Interestingly, mice lacking LepRb in DA neurons display an anxiogenic phenotype, consistent with changes in DA function distinct from those attributable to alterations in NAc-mediated reward.32 Indeed, tracing specifically from VTA LepRb neurons (approximately 75% of which are DA neurons) revealed their dense innervation of the central nucleus of the amygdala (CeA) and associated structures, but few projections to the NAc.33 The CeA plays a crucial role in aversive learning and anxiety-like behaviors.34 Collectively, these data are consistent with the notion that direct leptin action on VTA DA neurons controls CeA-mediated anxiety-related behaviors. The existence of such a system makes teleological sense, since the increased foraging activity that is stimulated by negative energy balance/low leptin exposes animals to the increased risk of predation, requiring increased anxiety/vigilance to ensure survival.

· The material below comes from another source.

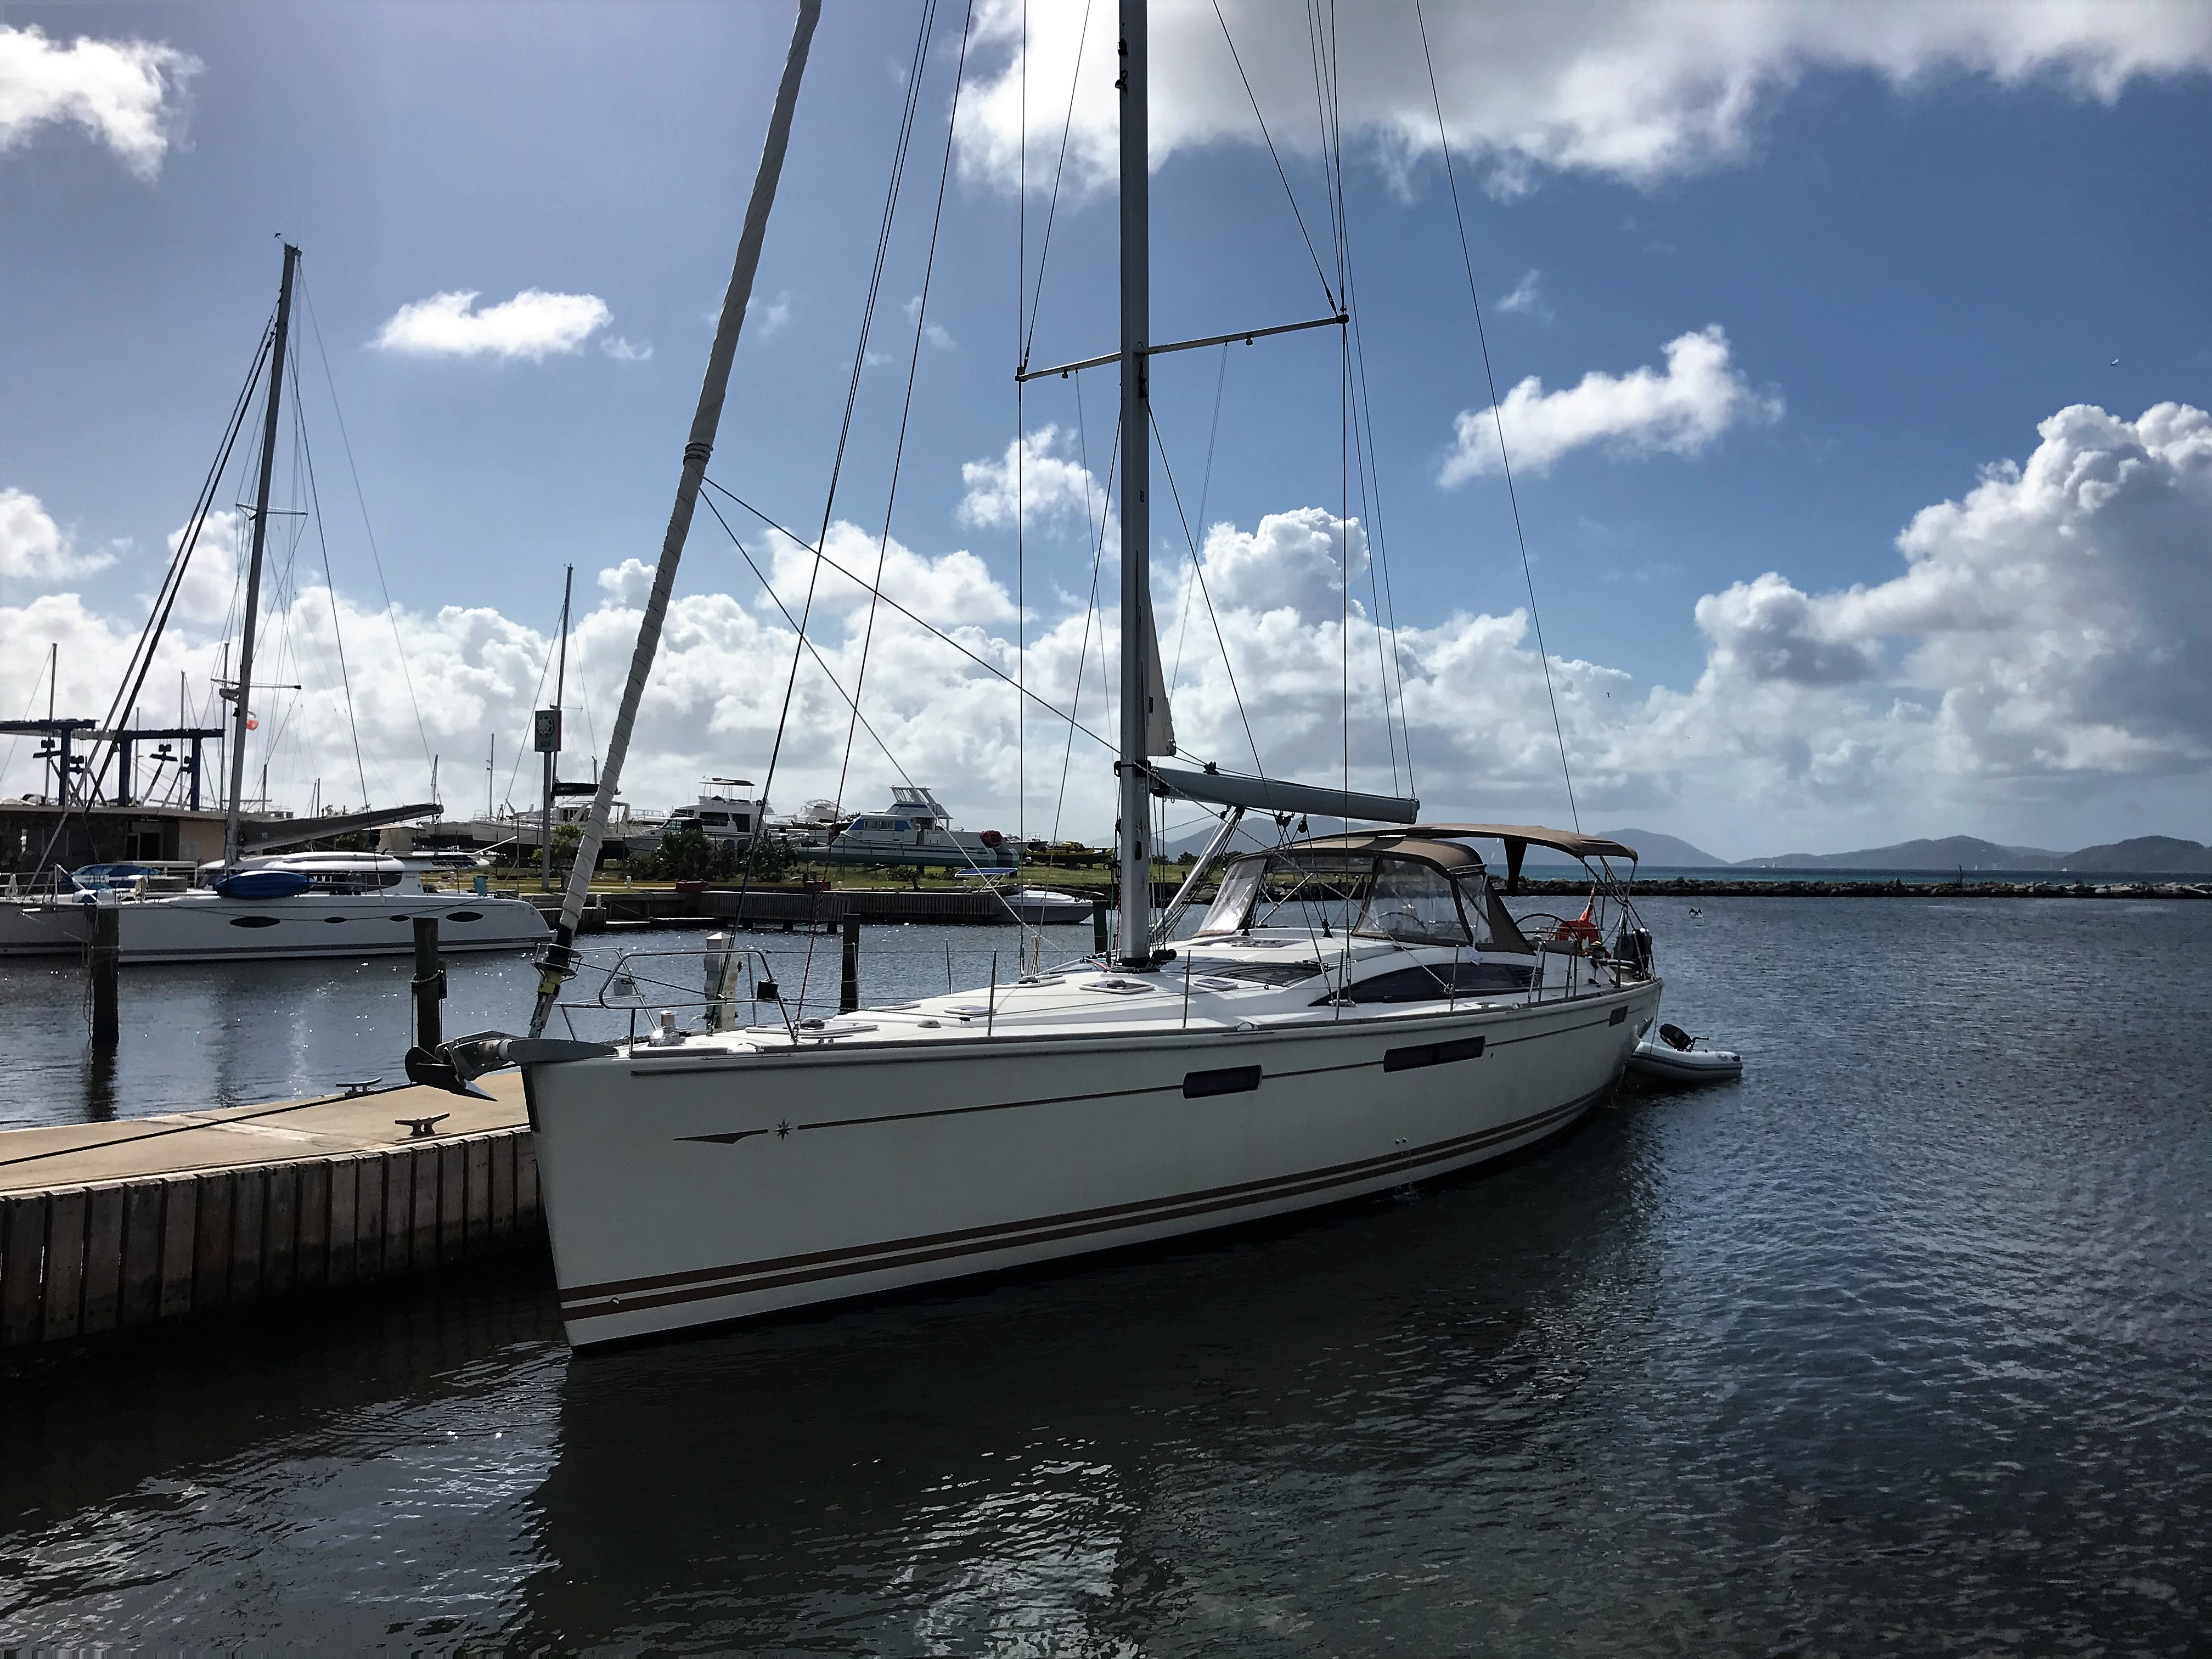 Jeanneau 57 Port Hull Side
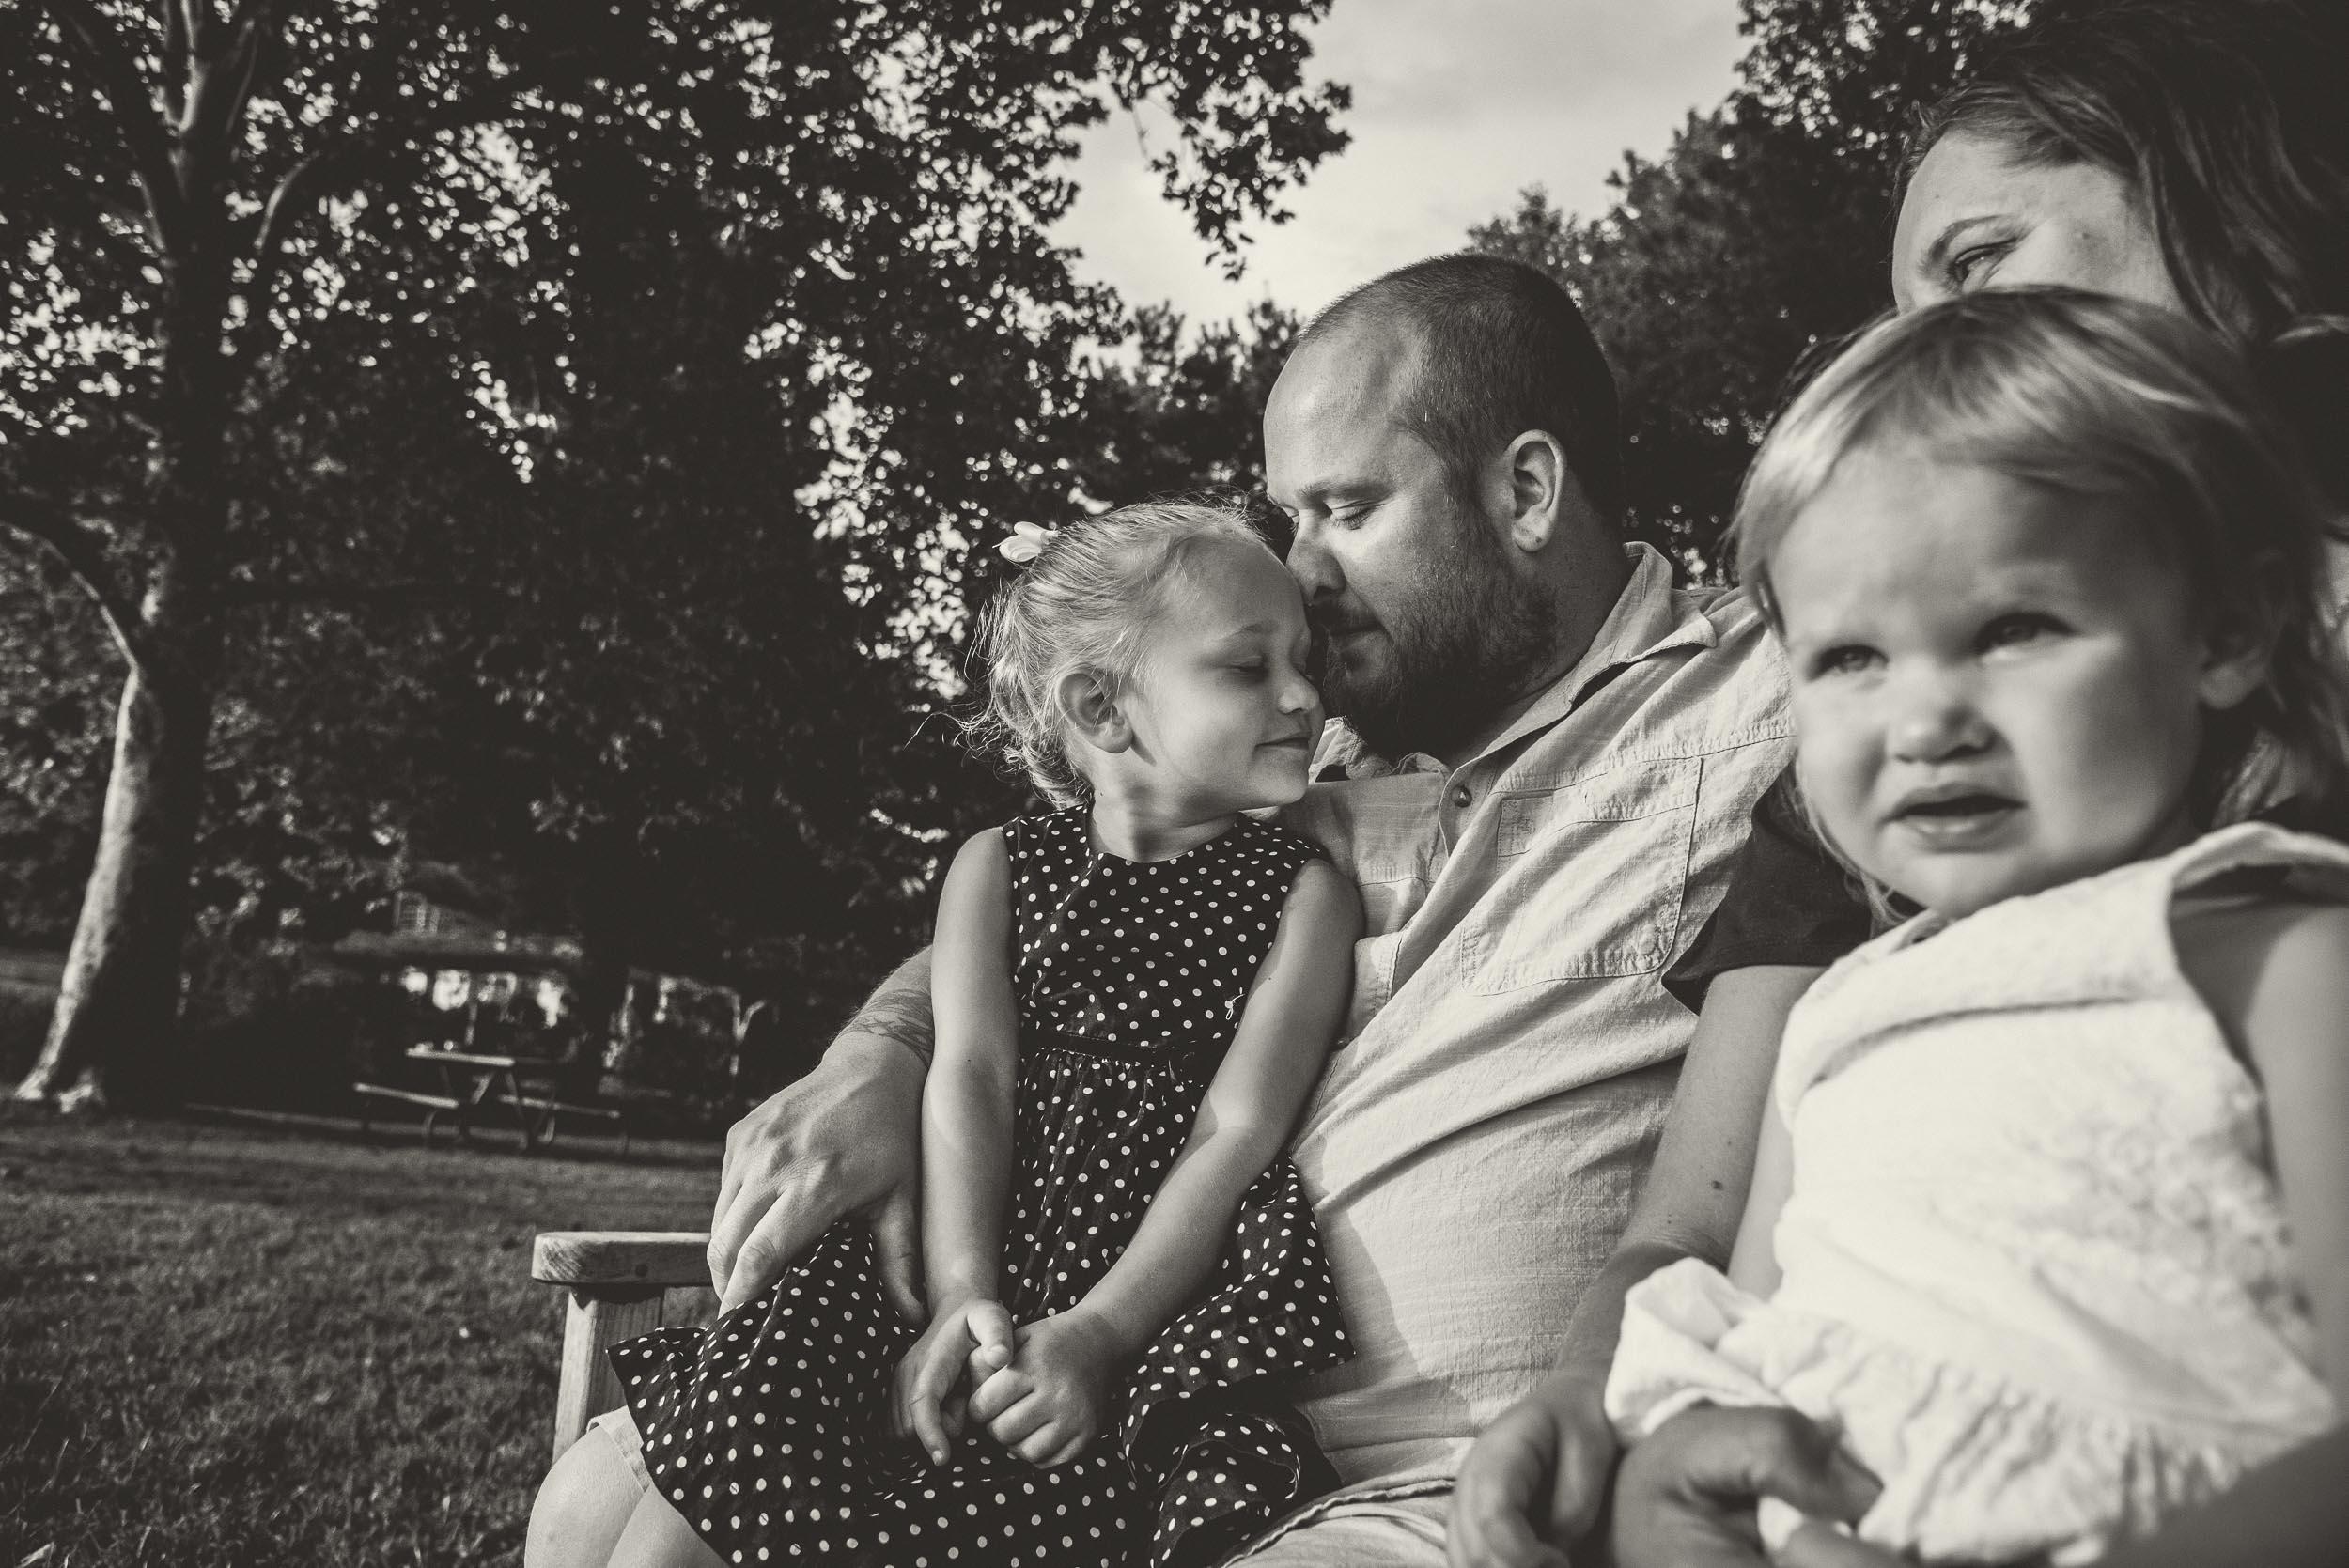 Family_Senior_Wedding_Maryland_Photographer_Sonny_and_Allison_Favorites_Easton_Crofton_Oxford-31.jpg

In contrast to the lack of effect of LepRb ablation from DA neurons on energy balance, acute VTA leptin administration decreases food intake and interference with leptin action in all VTA LepRb neurons promotes reward-driven feeding.35 Since not all VTA LepRb neurons contain DA (approximately 25% contain GABA), non-DA LepRb cells in the VTA might participate in controlling reward in response to leptin. The responses observed to pan-VTA LepRb modulation do not approach the full effect of systemic leptin on MLDA function and motivation, however, implying that leptin must regulate most aspects of MLDA function via a different pathway.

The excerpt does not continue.